All togehter? It's made me aware that, first off, my live has been kind of fucking scary. I know there are people with worse, lots of them, but still. Second, it's made me understand that damn near anything can do a person in, at any time, for any dumb fucking reason. I honestly don't worry about myself, but rather the people I'd leave behind.

 

Katashi_itto

(10,175 posts)
135. Helicopter crashed on the landing pad and the helicopter blade went through my open peacoat.
Wed May 18, 2016, 04:10 PM
May 2016

Before flying on and slicing into the Helo manifest. The blade yanked me off my feet as it passed by and I tore myself up on the boat's non-skid.
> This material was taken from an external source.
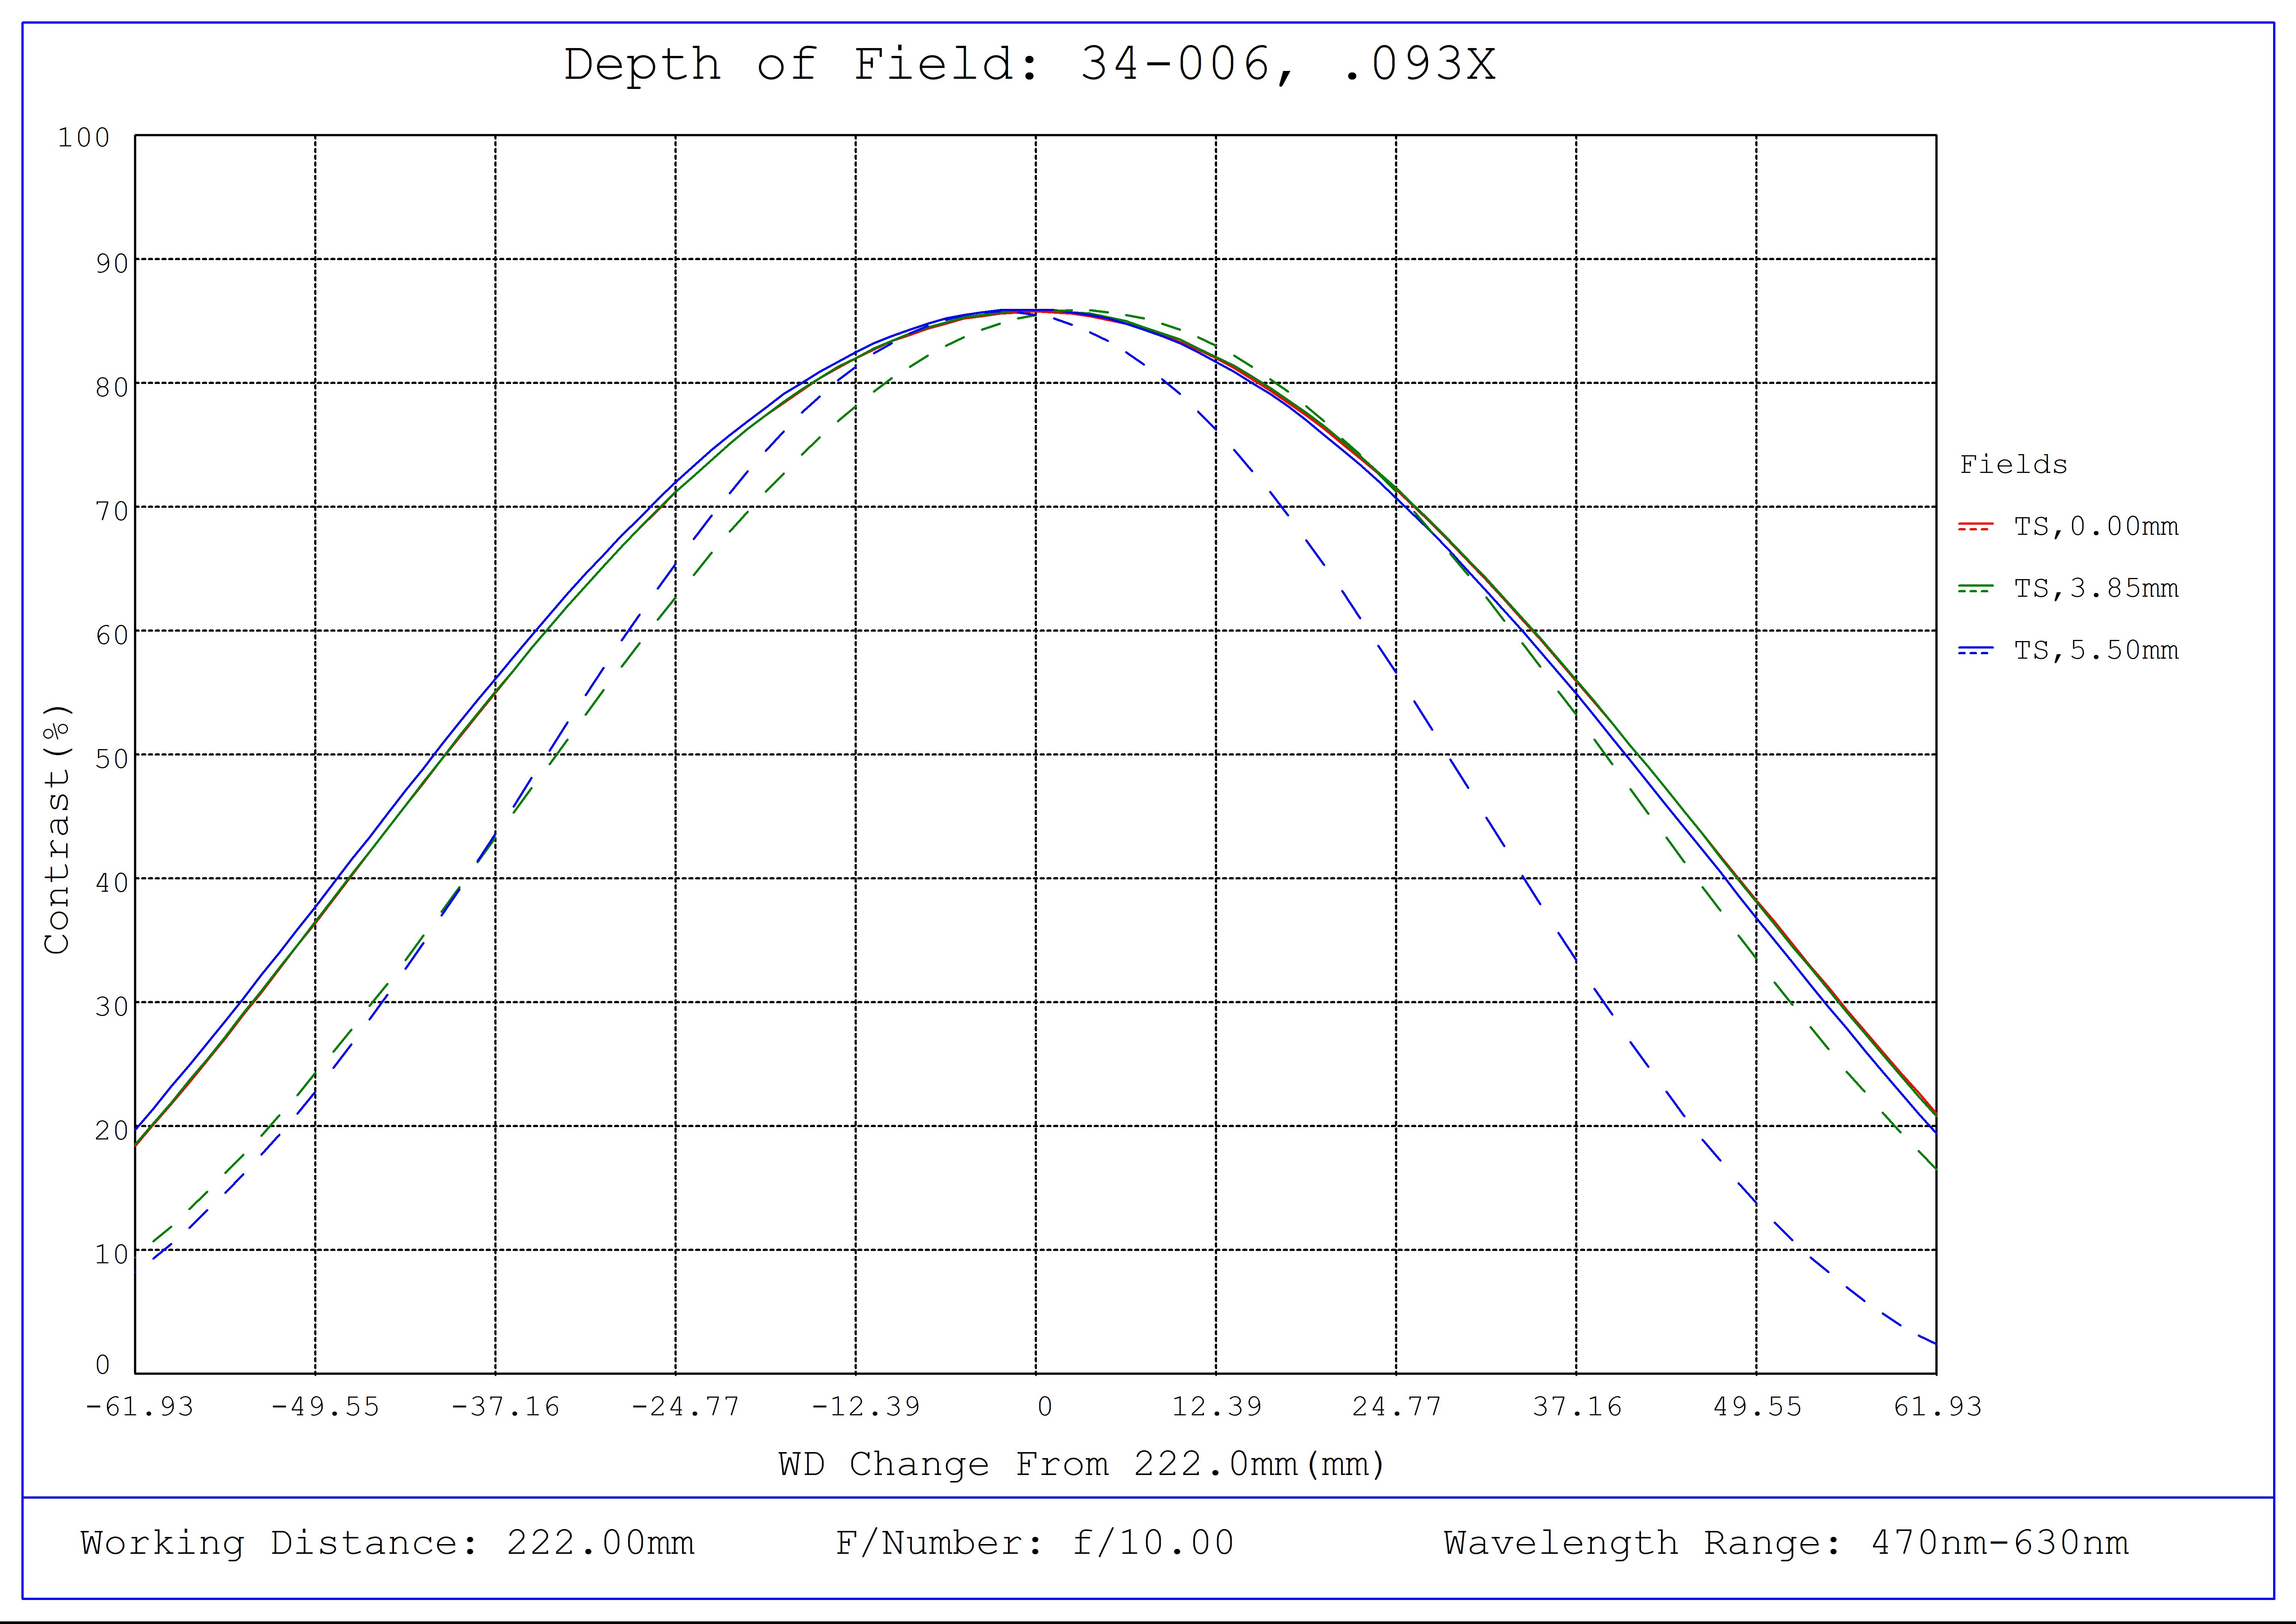 #34-006, 0.093X, 2/3" C-Mount TitanTL® Telecentric Lens, Depth of Field Plot, 222mm Working Distance, f10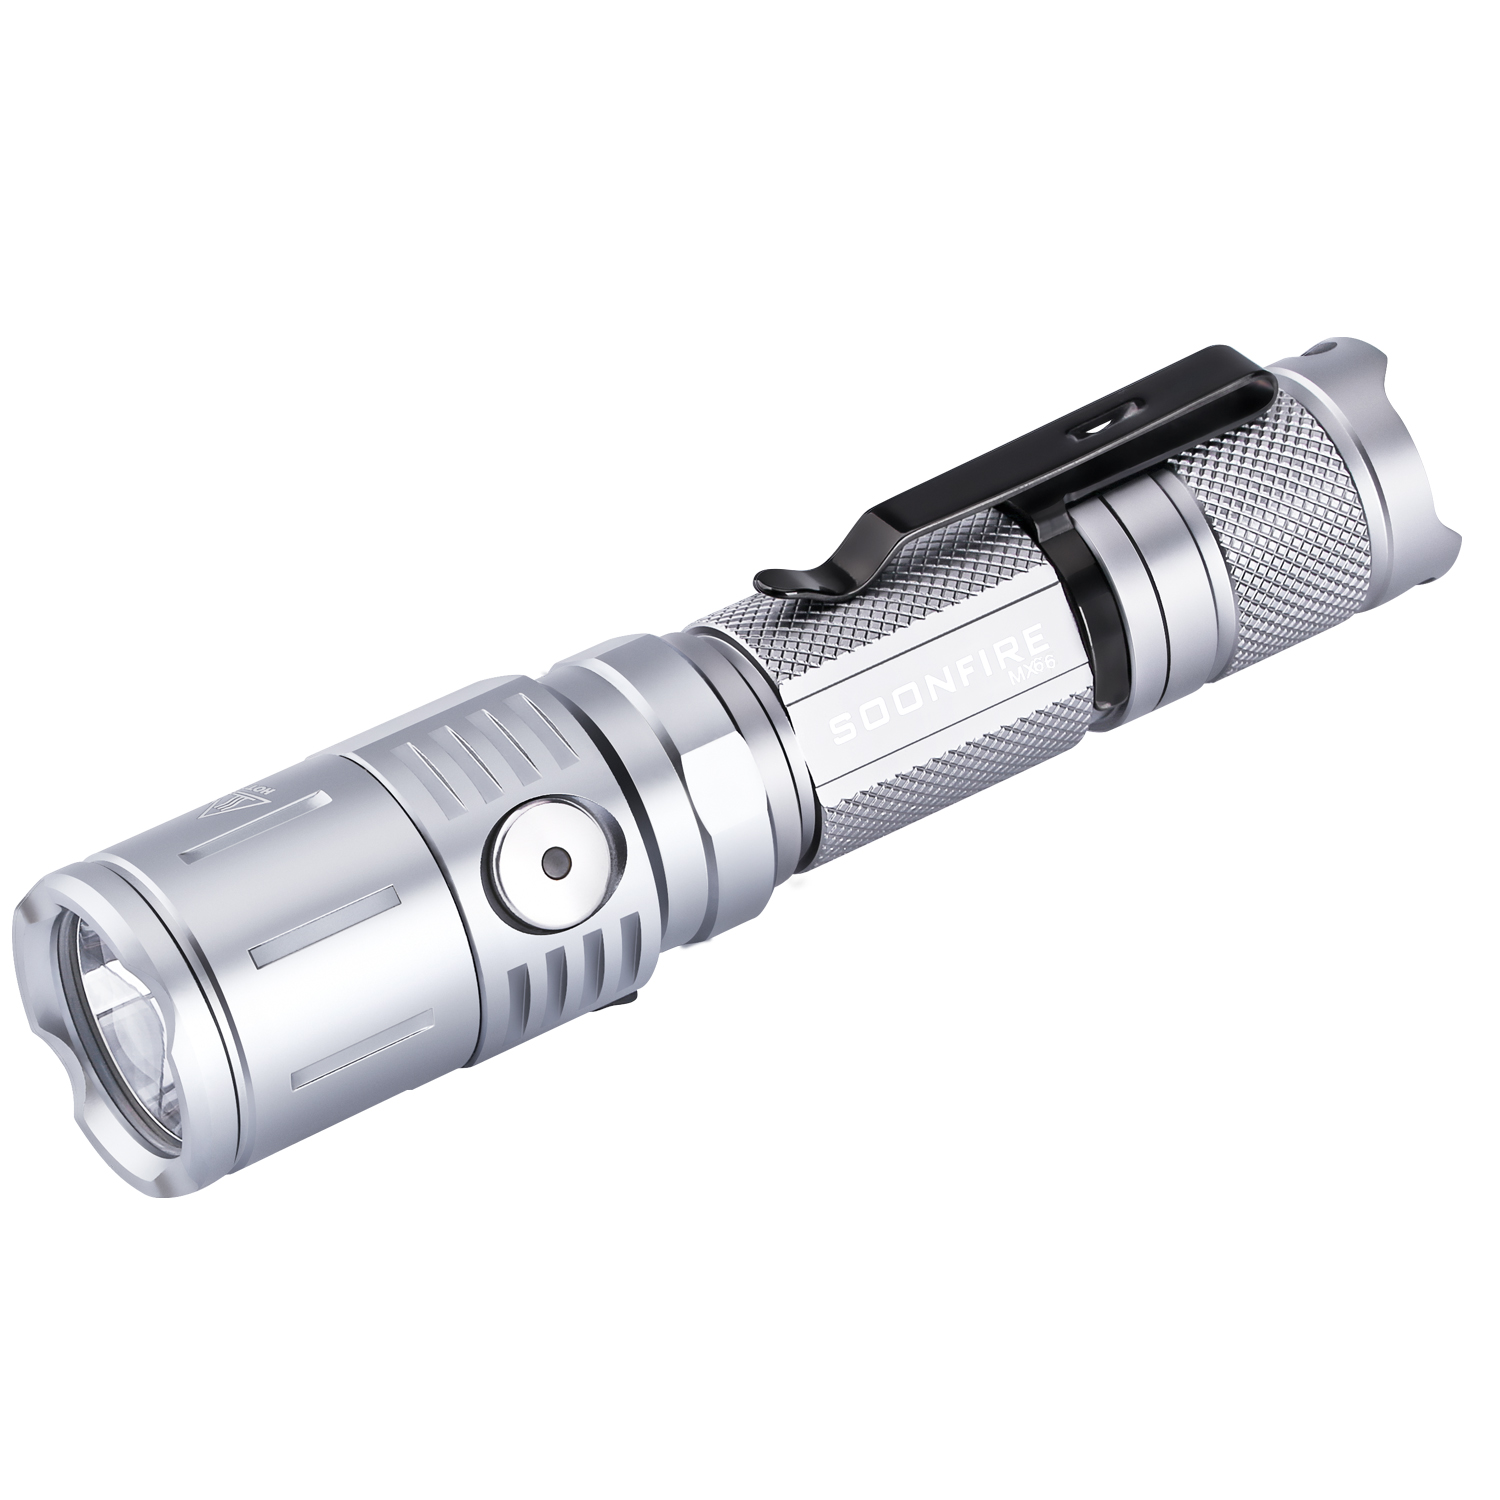 Soonfire MX Series Cree LED Tactical Flashlight(Grey)

That was the first real close call I had. I have had several.

Anymore, I simply try to experience every moment.

Knowing that none of it will come again.

Fuddnik

(8,846 posts)
137. Which time?
Wed May 18, 2016, 04:13 PM
May 2016

In my younger years, I was involved in MC accidents, gang wars, mob wars, shot at and missed, shit at and hit.

But, I'm still the same lovable guy.